Indexing: How Google finds and stores content
What does indexing mean?
Indexing is the step after crawling: search engines store found pages in their index, a huge database. Only indexed content can appear in search results.
How does the process work?
- Crawling: The bot follows links and finds new content.
- analysis: Content is read and evaluated in a structured way.
- indexation: Relevant content is added to the search database.
Typical indexing issues
- Faulty Robots.txt is blocking pages
- Absence of XML sitemaps
- Duplicate content (multiple versions of the same page)

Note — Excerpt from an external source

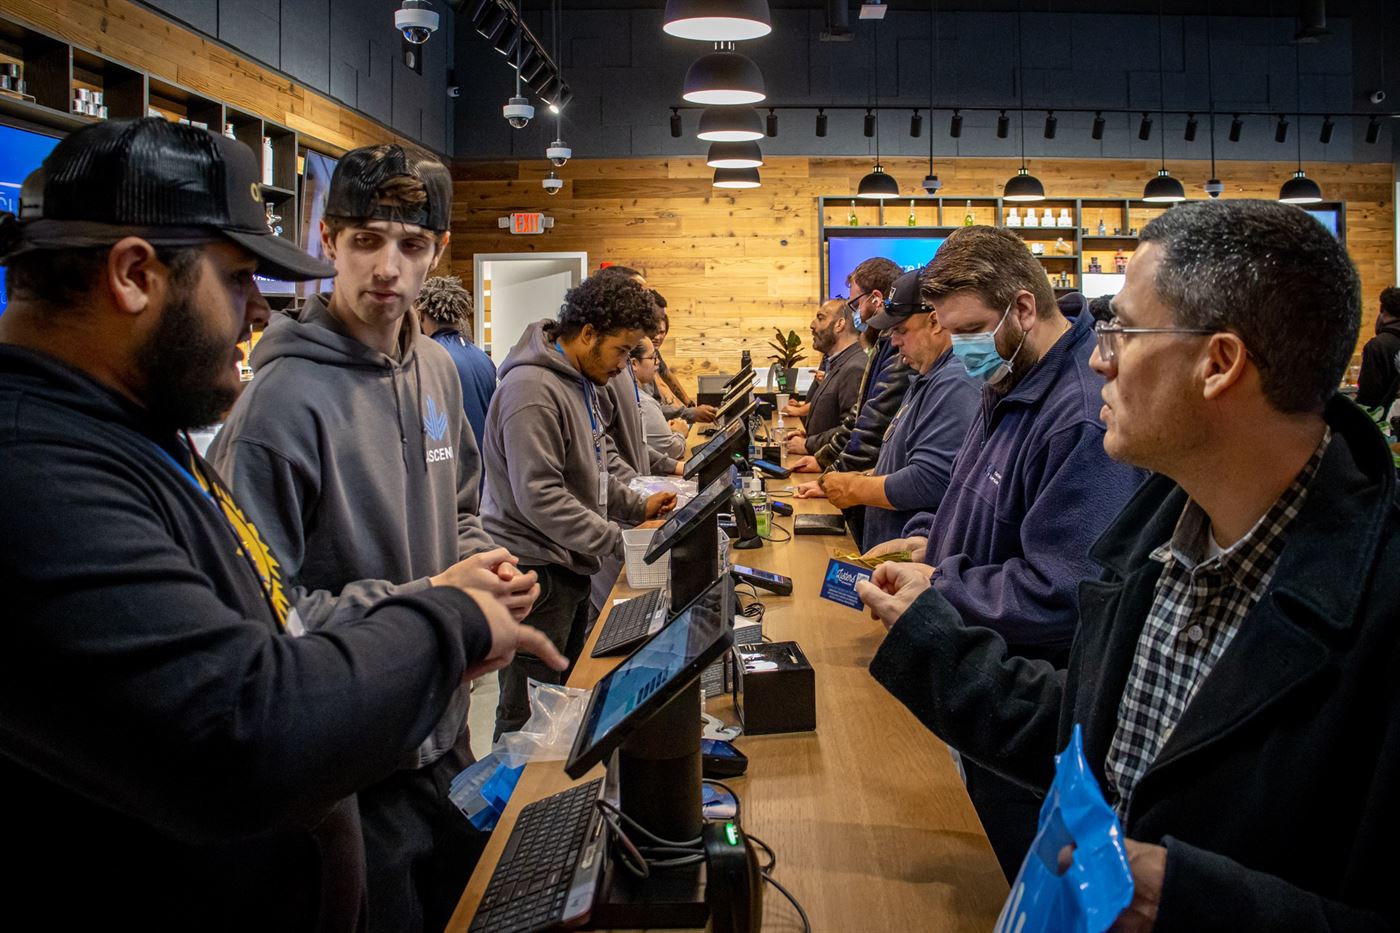 A line of costumers wrap around the multiple checkout desks inside the dispensary Ascend in Rochelle Park. John LaRosa | The Montclarion
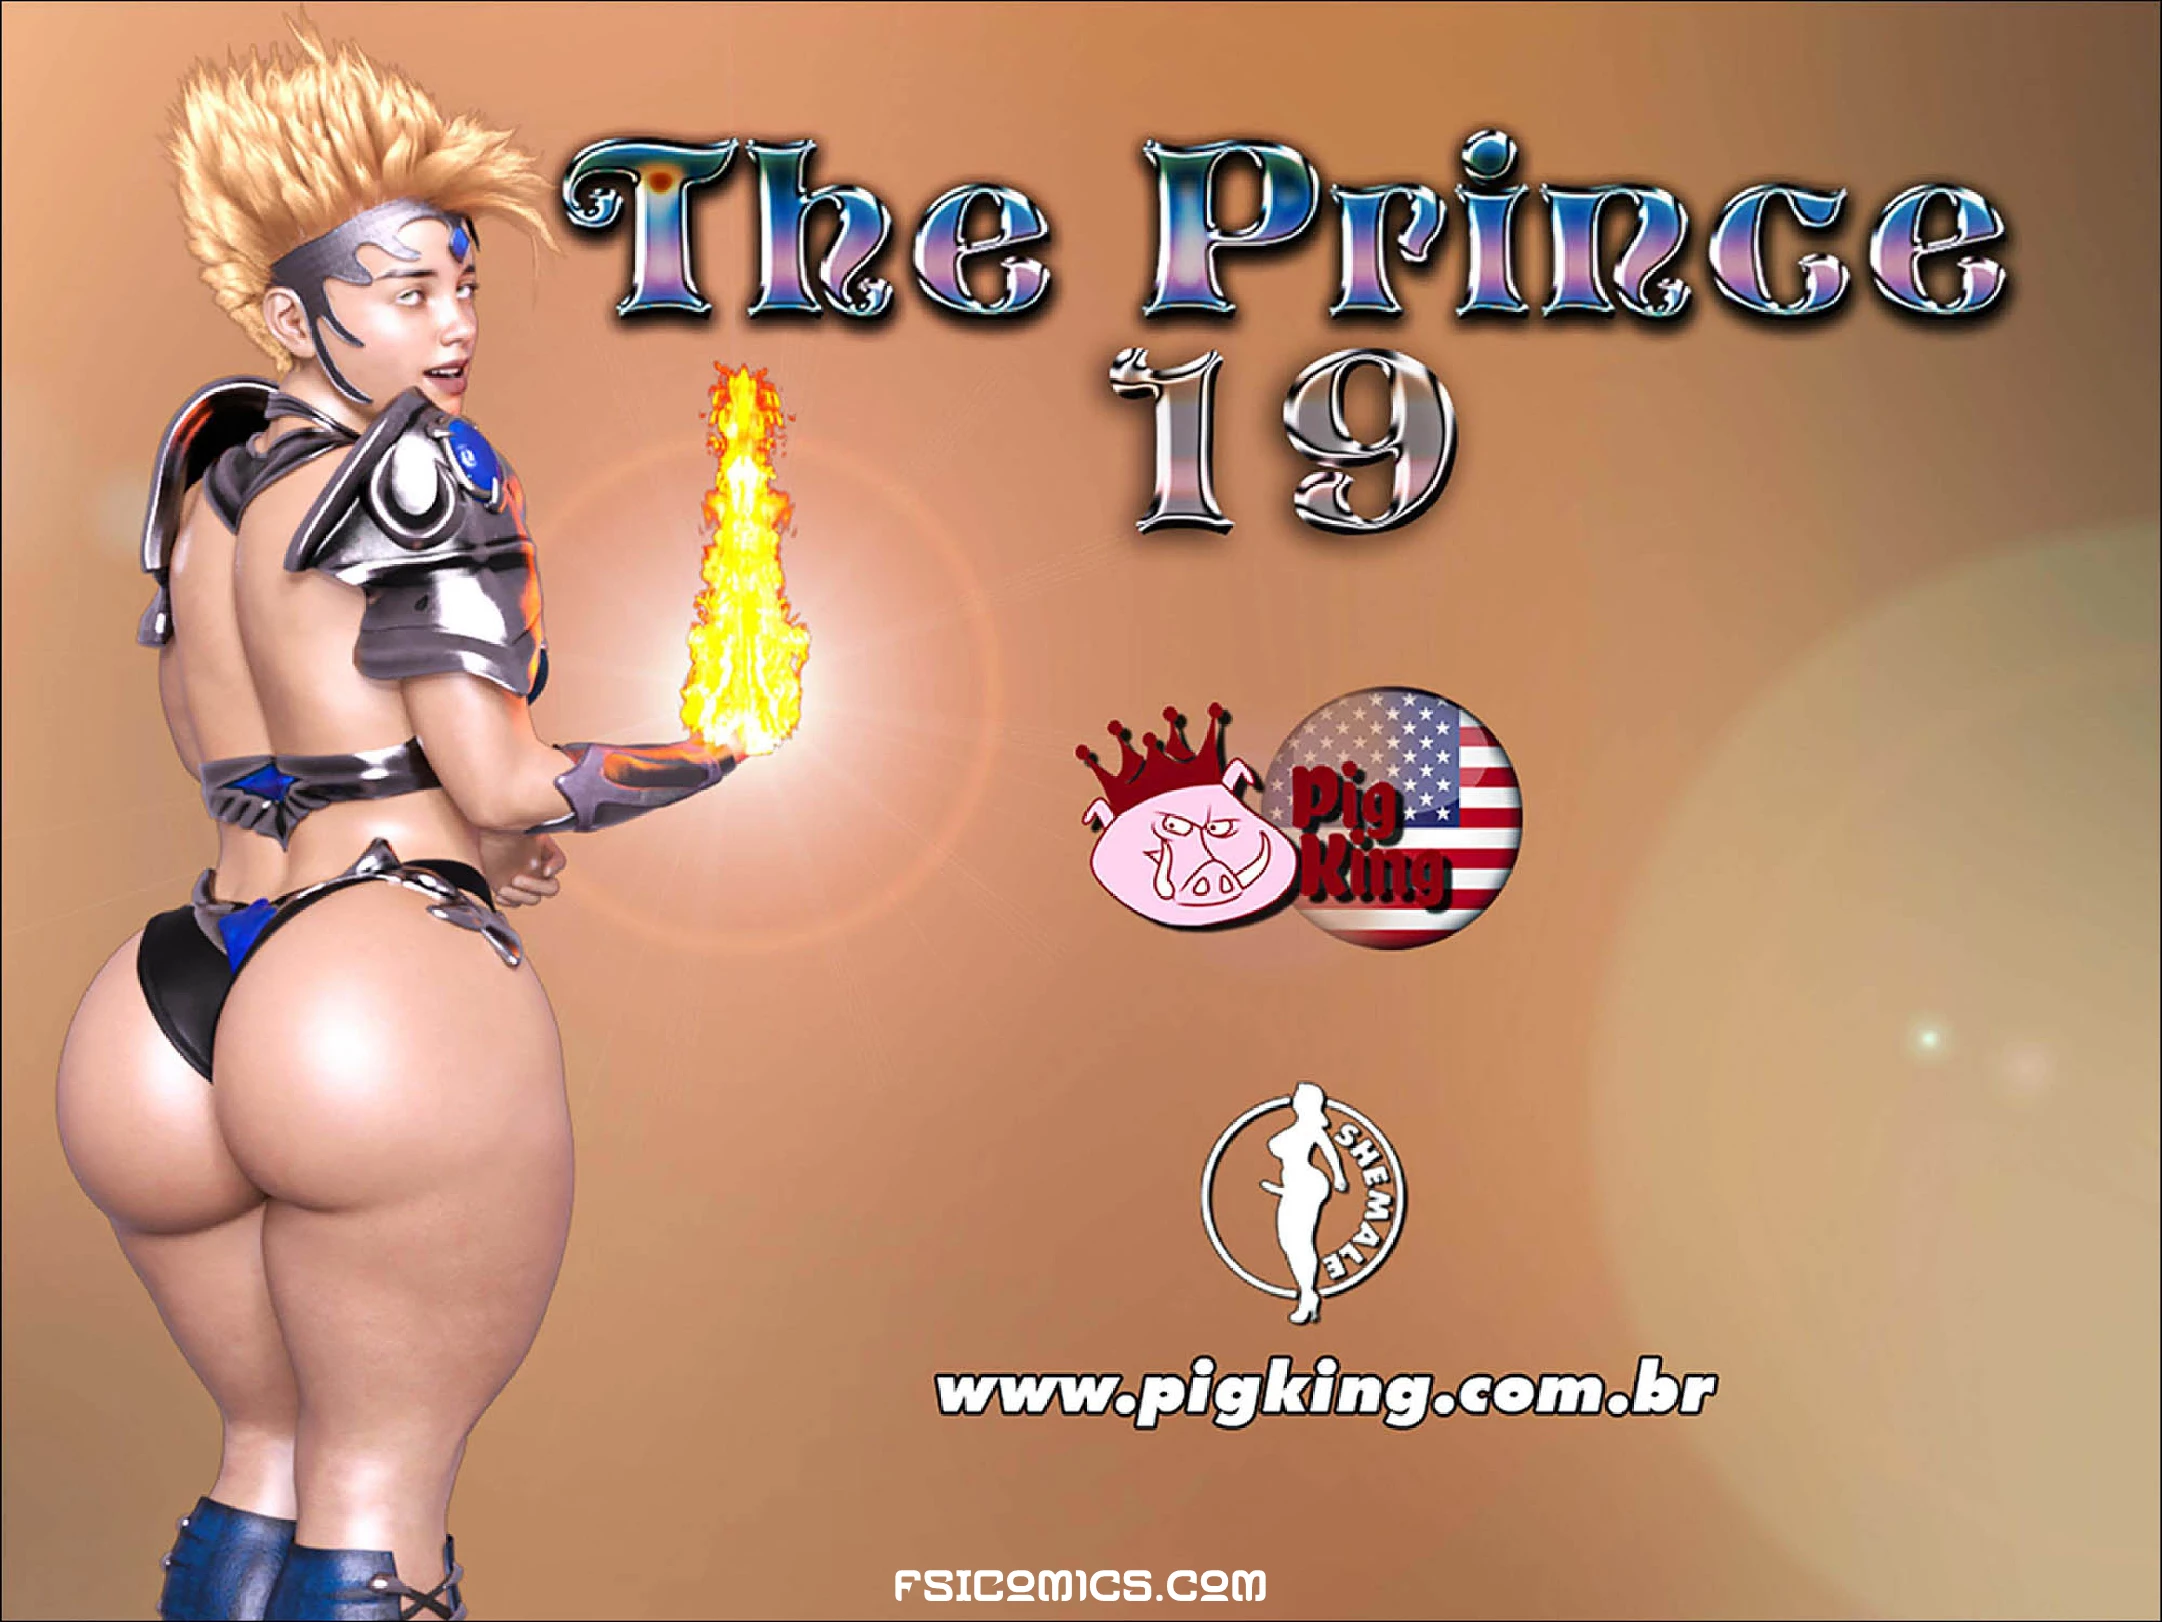 The Prince Chapter 19 – PigKing - 237 - FSIComics

- Technical errors (404, 500)
How to ensure clean indexing
- Provide current XML sitemaps
- Configure Robots.txt correctly
- Set canonical tags
- Check regularly with Google Search Console
Indexing — step-by-step guide
How to make sure your pages are indexed
- Check indexing status
→ In the Google Search Console See if the page is in the index. - Submit an XML sitemap
→ Make sure that your sitemap is stored and up to date. - Manually submit a URL
→ Use the URL inspector in the Search Console for important pages. - fix errors
→ Check Robots.txt, canonicals, and status codes. Correct 404 or 500 errors.
TL; DR
Indexing means that search engines add content to their database. Only indexed pages can rank — clean technology is a prerequisite.